If your SQL VIEW seems to be running slow, and you’re doing aggregation in it with a GROUP BY clause, note that certain things aren’t pushed down to the base query.
Most SQL servers will pass predicates in the WHERE clause down to the base query, as well as the columns in the SELECT statement.
For example, your SQL VIEW contains:
SELECT column1, column2 FROM mytable;
If your SQL query is the following:
SELECT column1 FROM myview WHERE column1 > 0;
Your VIEW, the base query, will be changed to:
SELECT column1 FROM mytable WHERE column1 > 0;
The list of columns in the SELECT clause has been passed down to the base query, as well as the WHERE predicate.
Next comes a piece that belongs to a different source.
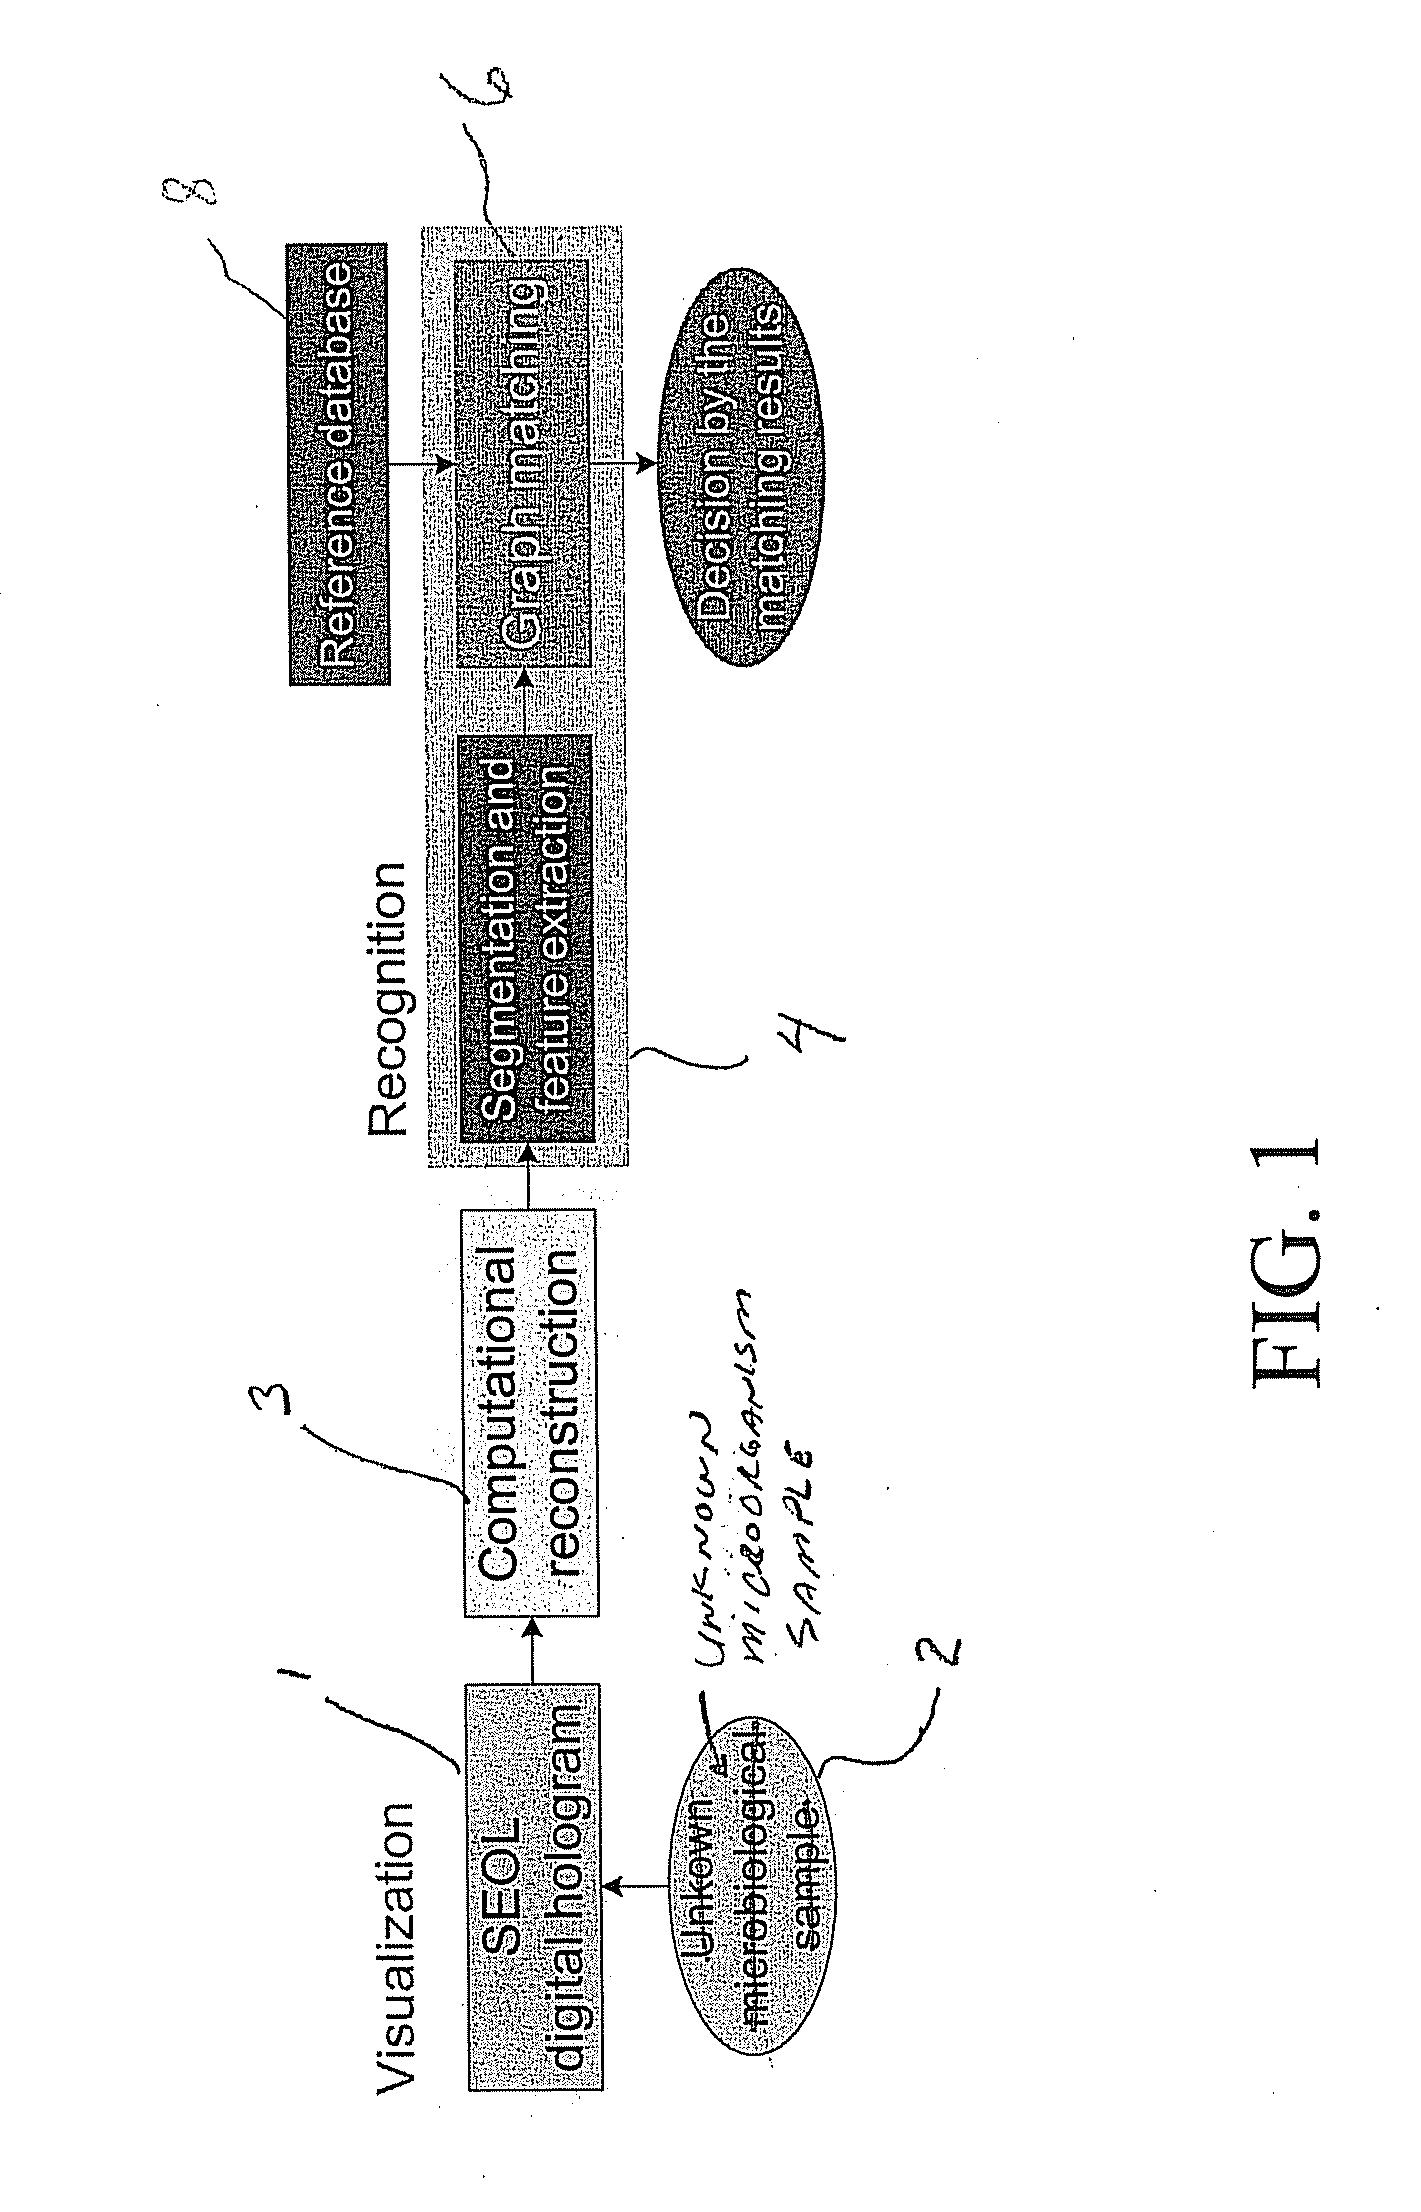 Method and apparatus for recognition of microorganisms using holographic microscopy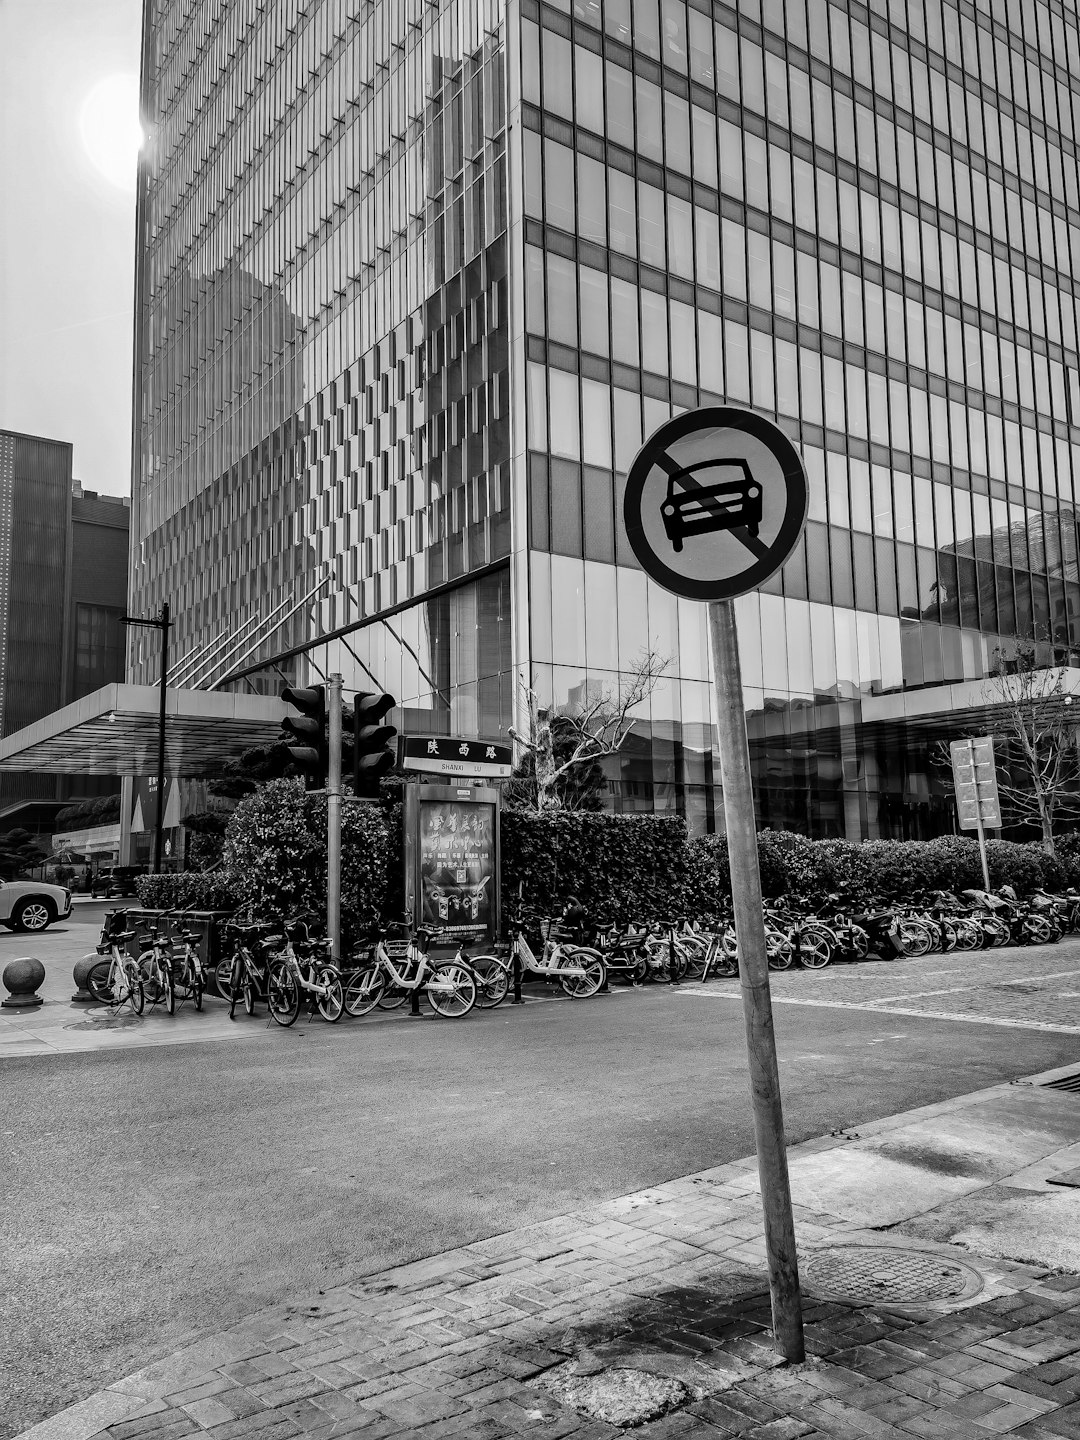 white and black street sign near gray concrete building during daytime

For this query, it saves the IO overhead of processing the second column, and processing the rows where column1 <= 0.
However, passing down the list of columns in the SELECT won’t save the CPU and memory overhead required to do a GROUP BY on columns that aren’t selected.
For example, your SQL VIEW contains:
SELECT column1, column2, SUM(column3) AS total FROM mytable GROUP BY column1, column2;
If your SQL query is this:
SELECT column1, total FROM myview WHERE column1 > 0;
You might expect your VIEW, the base query, to be changed to:
SELECT column1, SUM(column3) AS total FROM mytable WHERE column1 > 0 GROUP BY column1, column2;
However, your VIEW, the base query, will actually be changed to:
SELECT column1, column2, SUM(column3) AS total FROM mytable WHERE column1 > 0 GROUP BY column1, column2;
Even though the SELECT clause doesn’t contain column2, it is required to do the GROUP BY in the VIEW.
This may be what you intended, but if the remaining columns are just metadata for column1 (for example, if column1 is a unique key), you can save on the overhead of grouping on all columns by changing your view to only group on the columns that are needed.
SELECT column1, SUM(column3) AS total FROM mytable GROUP BY column1, column2;